Using the records below, give again exactly the lines from the line that contains "Tortues du monde" through the line that contains "Tatat muebles a", both ends included, and only those.

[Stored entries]
*** Begin section ***
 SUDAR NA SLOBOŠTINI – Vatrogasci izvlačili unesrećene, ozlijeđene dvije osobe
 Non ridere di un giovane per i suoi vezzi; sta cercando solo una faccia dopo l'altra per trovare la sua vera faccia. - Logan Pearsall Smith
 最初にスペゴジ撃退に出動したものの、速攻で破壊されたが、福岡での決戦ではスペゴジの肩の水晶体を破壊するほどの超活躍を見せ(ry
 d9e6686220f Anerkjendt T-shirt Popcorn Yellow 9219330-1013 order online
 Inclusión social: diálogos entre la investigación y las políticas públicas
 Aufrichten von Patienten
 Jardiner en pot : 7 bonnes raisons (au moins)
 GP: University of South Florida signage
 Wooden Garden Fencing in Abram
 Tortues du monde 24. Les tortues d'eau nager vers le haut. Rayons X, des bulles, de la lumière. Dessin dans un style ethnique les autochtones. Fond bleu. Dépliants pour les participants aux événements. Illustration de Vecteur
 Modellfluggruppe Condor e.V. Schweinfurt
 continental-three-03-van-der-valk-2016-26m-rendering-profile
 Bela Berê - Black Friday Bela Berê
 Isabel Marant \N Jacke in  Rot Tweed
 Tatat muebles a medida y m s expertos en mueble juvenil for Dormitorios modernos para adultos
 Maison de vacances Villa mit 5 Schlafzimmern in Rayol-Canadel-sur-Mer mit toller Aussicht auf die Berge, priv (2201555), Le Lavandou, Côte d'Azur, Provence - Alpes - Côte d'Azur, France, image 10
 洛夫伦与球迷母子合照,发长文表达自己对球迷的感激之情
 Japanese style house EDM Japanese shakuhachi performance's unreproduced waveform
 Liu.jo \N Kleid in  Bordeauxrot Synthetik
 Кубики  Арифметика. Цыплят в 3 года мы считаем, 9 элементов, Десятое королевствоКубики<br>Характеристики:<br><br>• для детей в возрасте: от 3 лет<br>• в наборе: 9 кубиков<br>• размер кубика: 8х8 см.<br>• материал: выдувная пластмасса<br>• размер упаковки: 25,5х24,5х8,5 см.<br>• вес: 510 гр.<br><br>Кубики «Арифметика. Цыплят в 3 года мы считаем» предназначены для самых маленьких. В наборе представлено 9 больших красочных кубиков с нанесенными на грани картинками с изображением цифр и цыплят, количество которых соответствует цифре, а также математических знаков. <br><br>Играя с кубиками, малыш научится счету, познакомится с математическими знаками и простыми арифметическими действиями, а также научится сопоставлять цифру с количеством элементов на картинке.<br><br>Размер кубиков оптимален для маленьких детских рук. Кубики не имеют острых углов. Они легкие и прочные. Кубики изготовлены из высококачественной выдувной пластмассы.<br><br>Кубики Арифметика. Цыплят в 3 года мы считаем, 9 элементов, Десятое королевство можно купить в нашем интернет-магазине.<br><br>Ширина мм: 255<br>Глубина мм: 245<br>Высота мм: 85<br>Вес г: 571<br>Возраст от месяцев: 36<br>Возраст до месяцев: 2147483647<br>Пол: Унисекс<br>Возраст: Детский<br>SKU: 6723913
*** End section ***
● TASK RESPONSE
 Tortues du monde 24. Les tortues d'eau nager vers le haut. Rayons X, des bulles, de la lumière. Dessin dans un style ethnique les autochtones. Fond bleu. Dépliants pour les participants aux événements. Illustration de Vecteur
 Modellfluggruppe Condor e.V. Schweinfurt
 continental-three-03-van-der-valk-2016-26m-rendering-profile
 Bela Berê - Black Friday Bela Berê
 Isabel Marant \N Jacke in  Rot Tweed
 Tatat muebles a medida y m s expertos en mueble juvenil for Dormitorios modernos para adultos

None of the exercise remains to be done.